What you should do - Could every line below be transcribed exactly, with the pictures dropped?

Data provided -
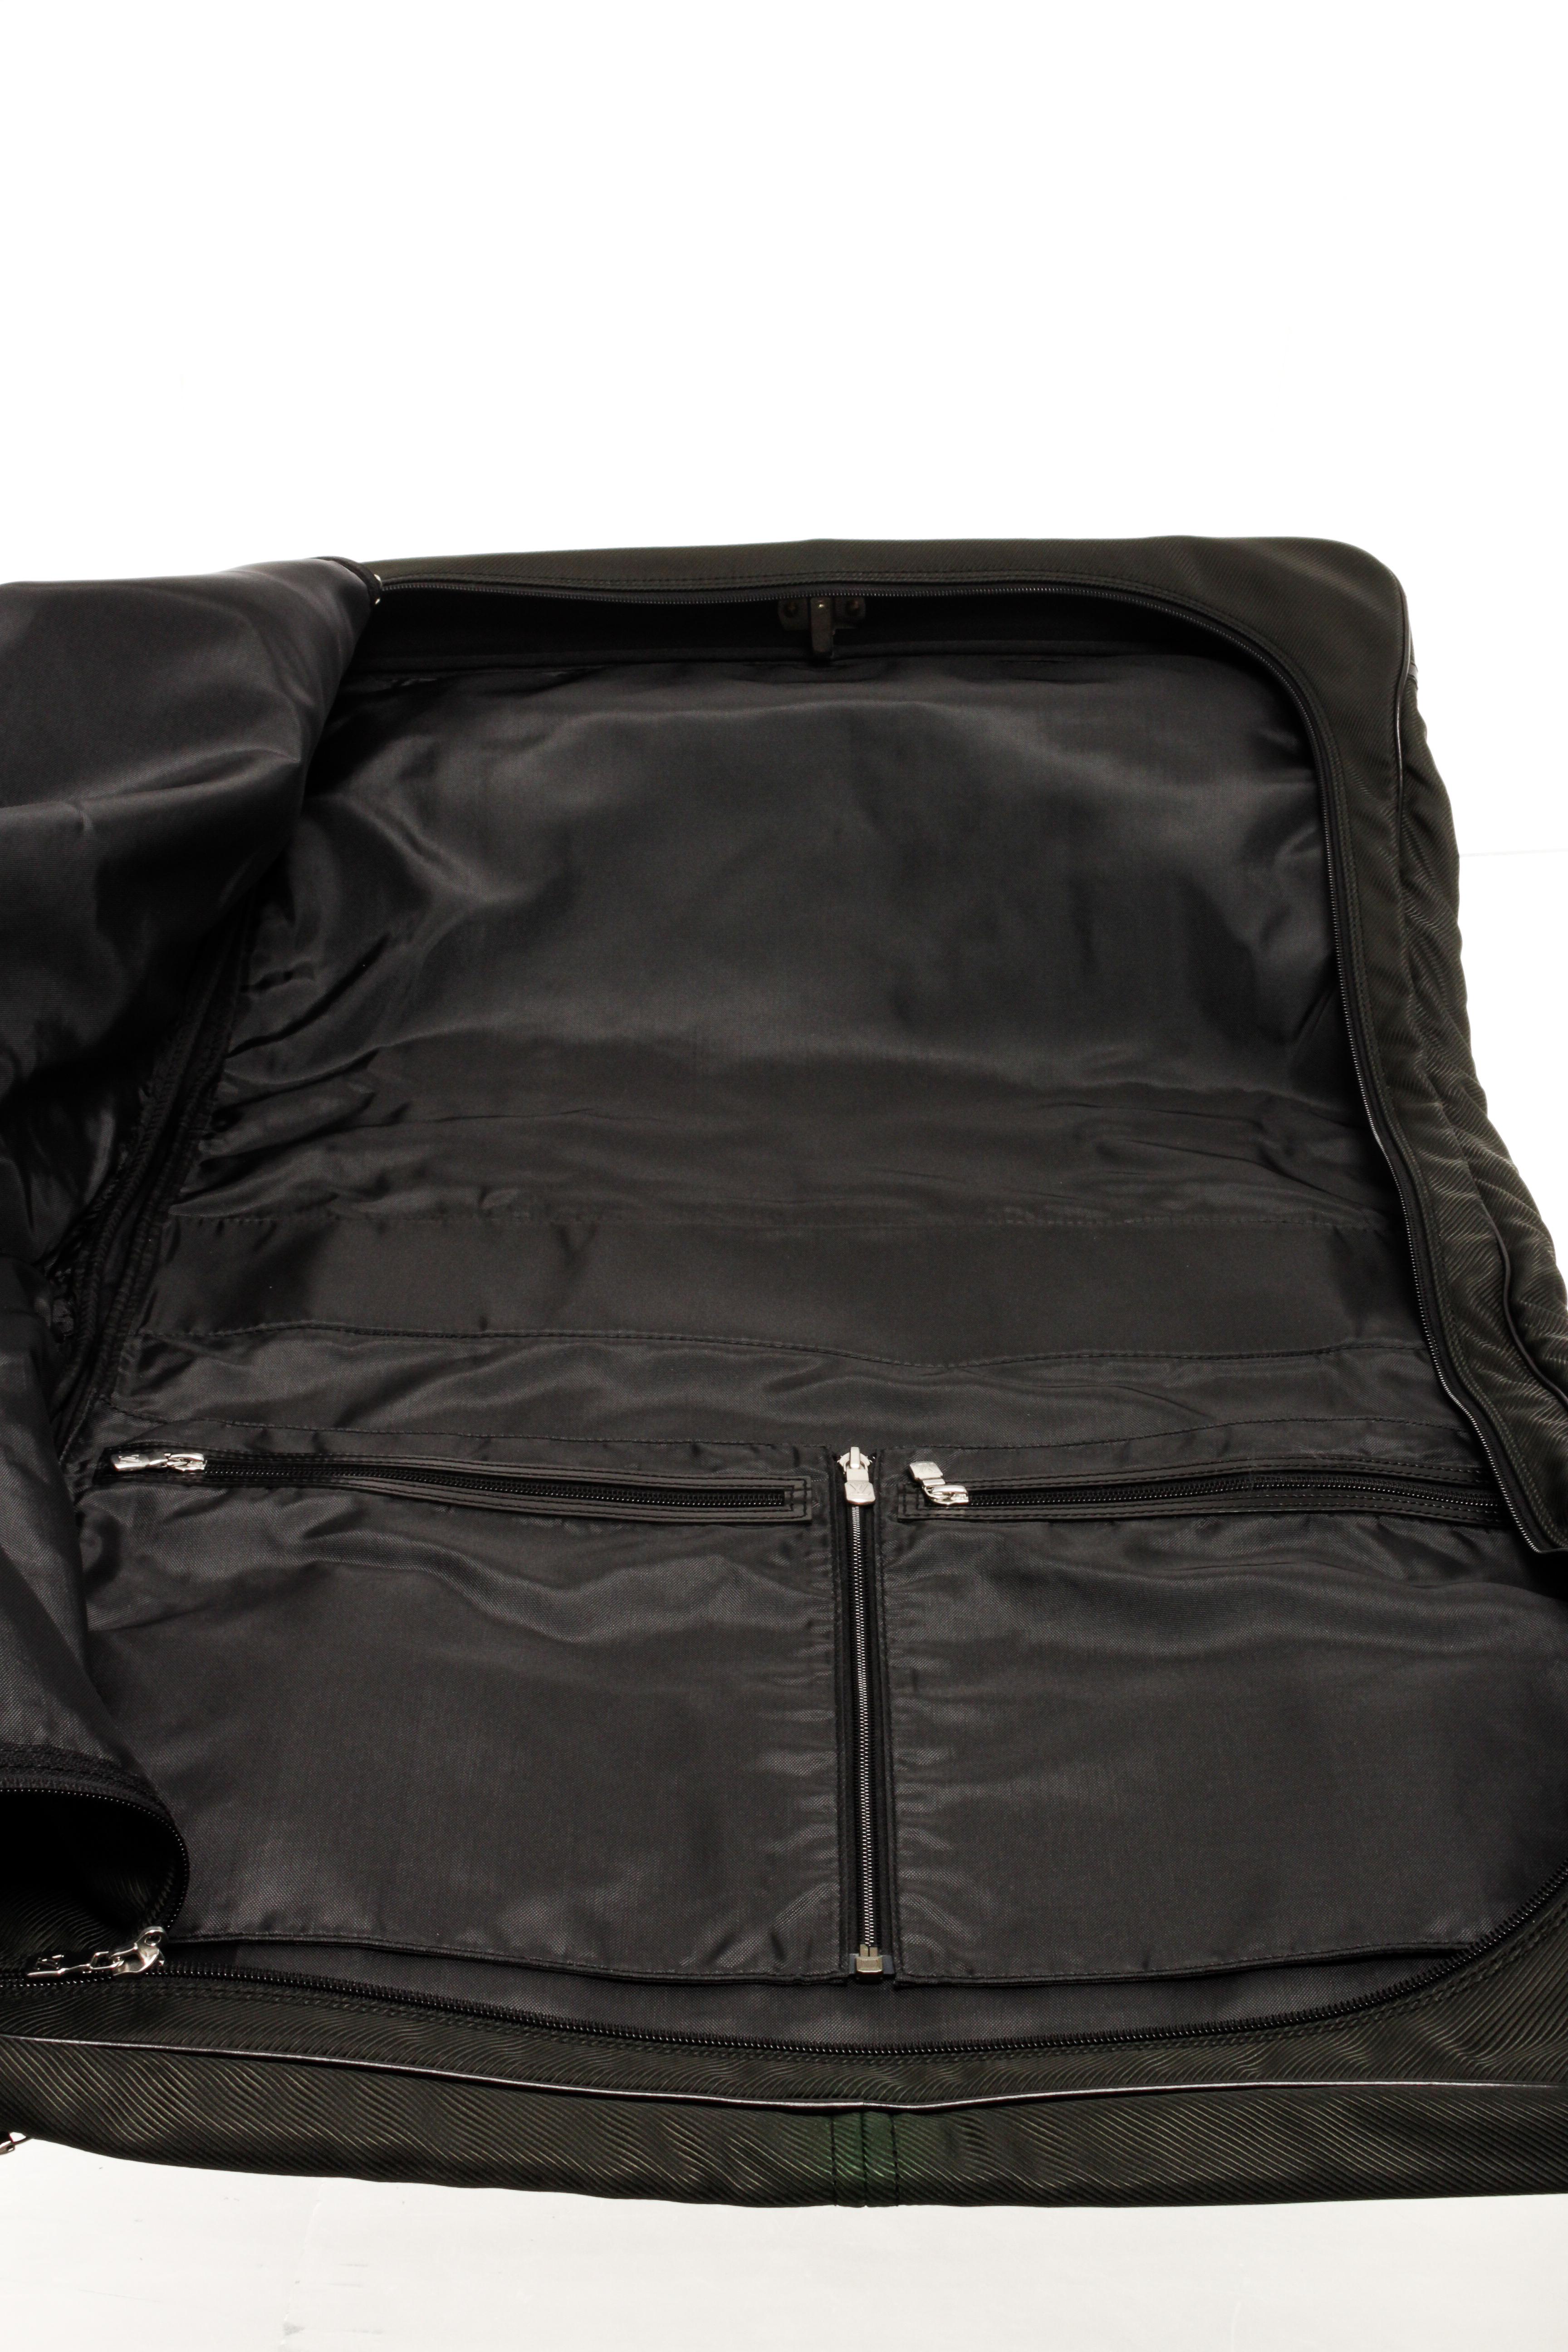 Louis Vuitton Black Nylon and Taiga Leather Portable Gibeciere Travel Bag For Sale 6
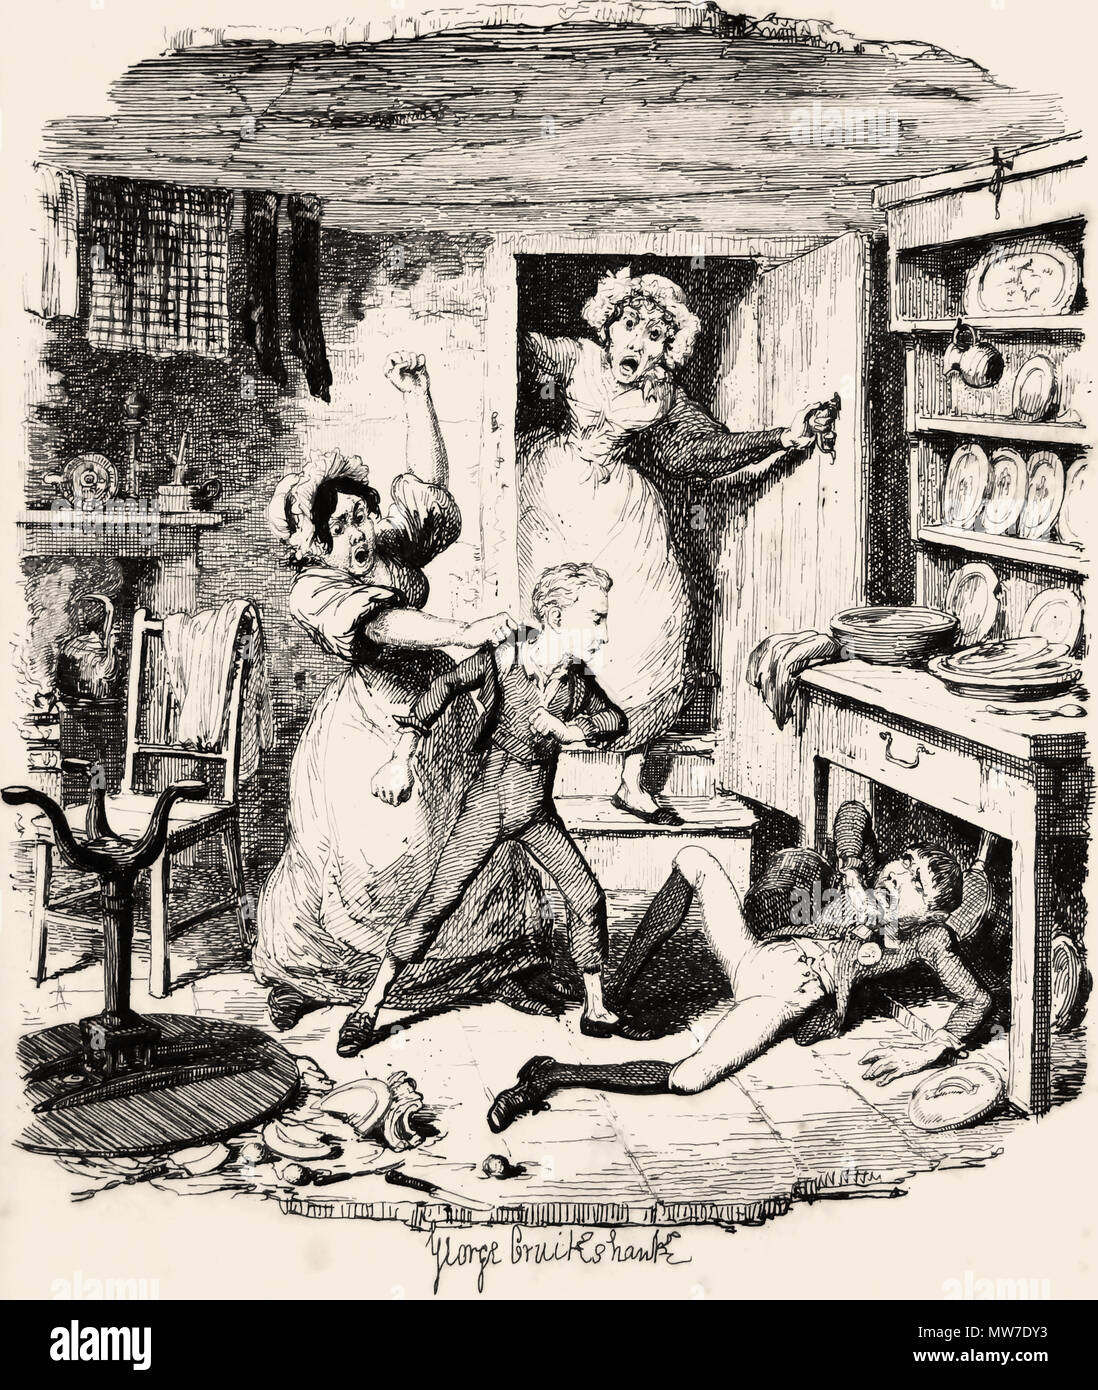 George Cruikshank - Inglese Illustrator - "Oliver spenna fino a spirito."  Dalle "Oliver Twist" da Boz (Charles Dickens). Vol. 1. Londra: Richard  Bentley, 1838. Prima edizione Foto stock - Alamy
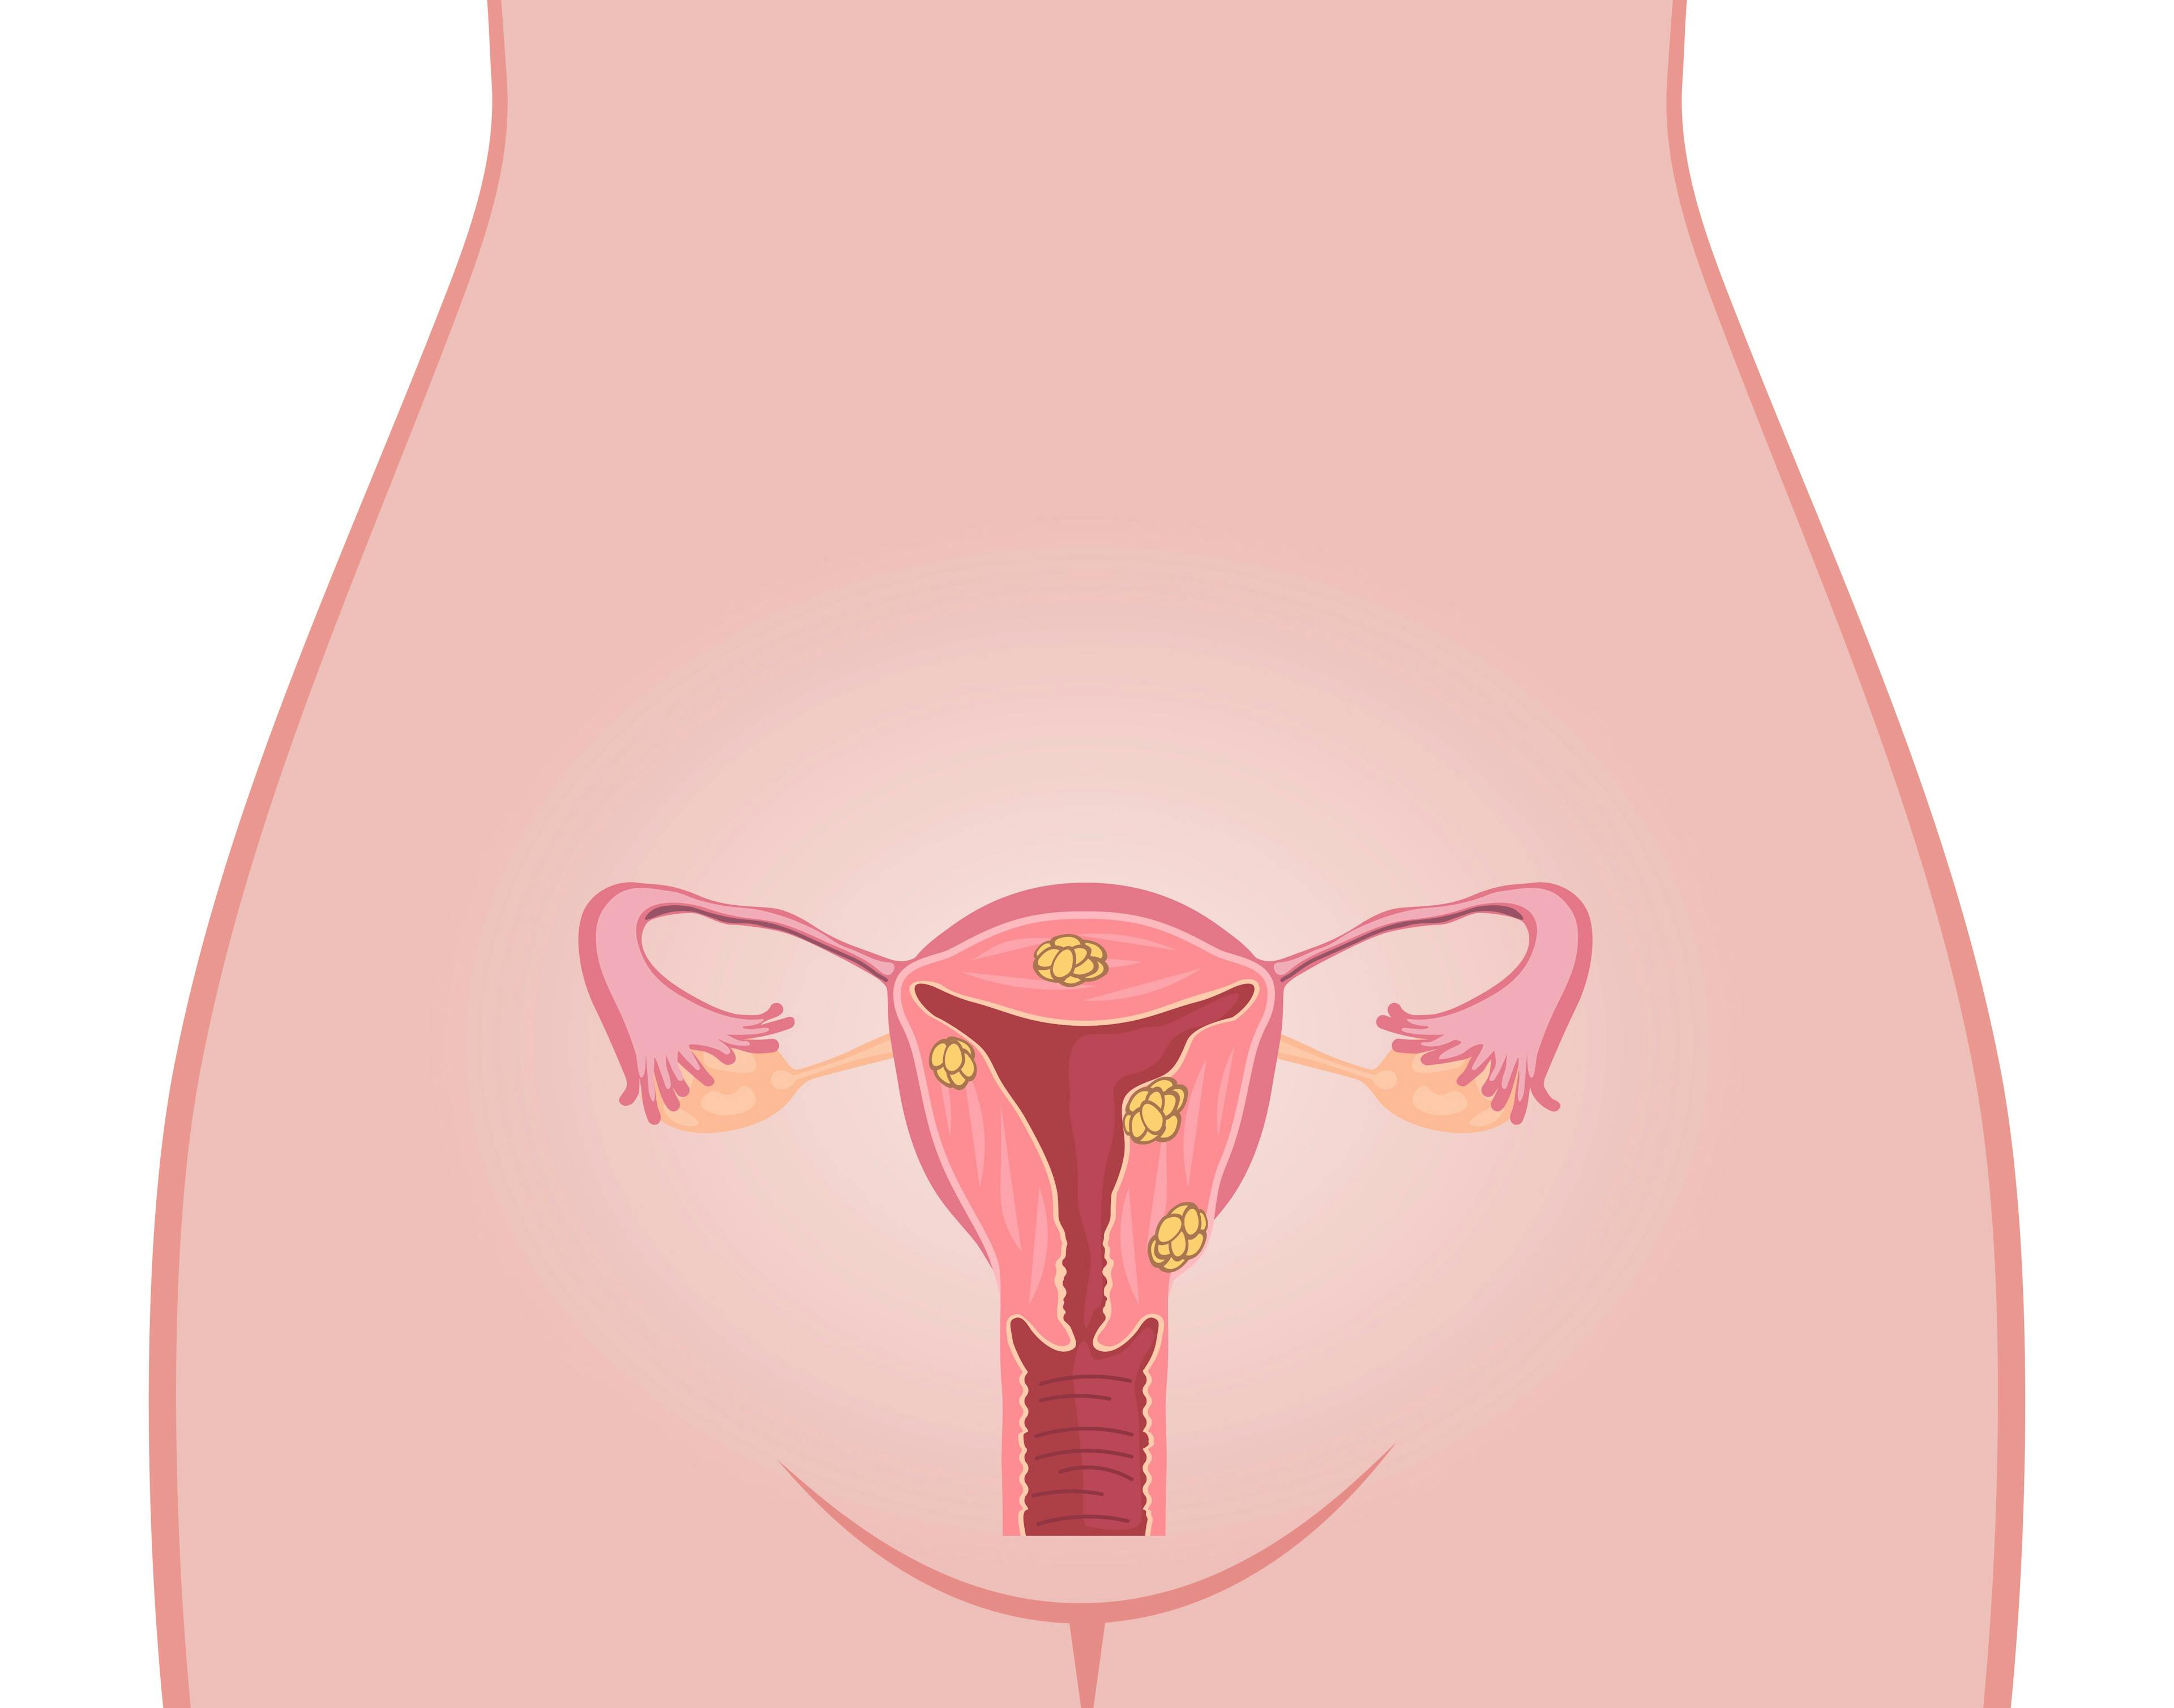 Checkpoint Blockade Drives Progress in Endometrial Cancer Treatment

Finished exercise -
 Louis Vuitton Black Nylon and Taiga Leather Portable Gibeciere Travel Bag For Sale 6
 George Cruikshank - Inglese Illustrator - "Oliver spenna fino a spirito."  Dalle "Oliver Twist" da Boz (Charles Dickens). Vol. 1. Londra: Richard  Bentley, 1838. Prima edizione Foto stock - Alamy
 Checkpoint Blockade Drives Progress in Endometrial Cancer Treatment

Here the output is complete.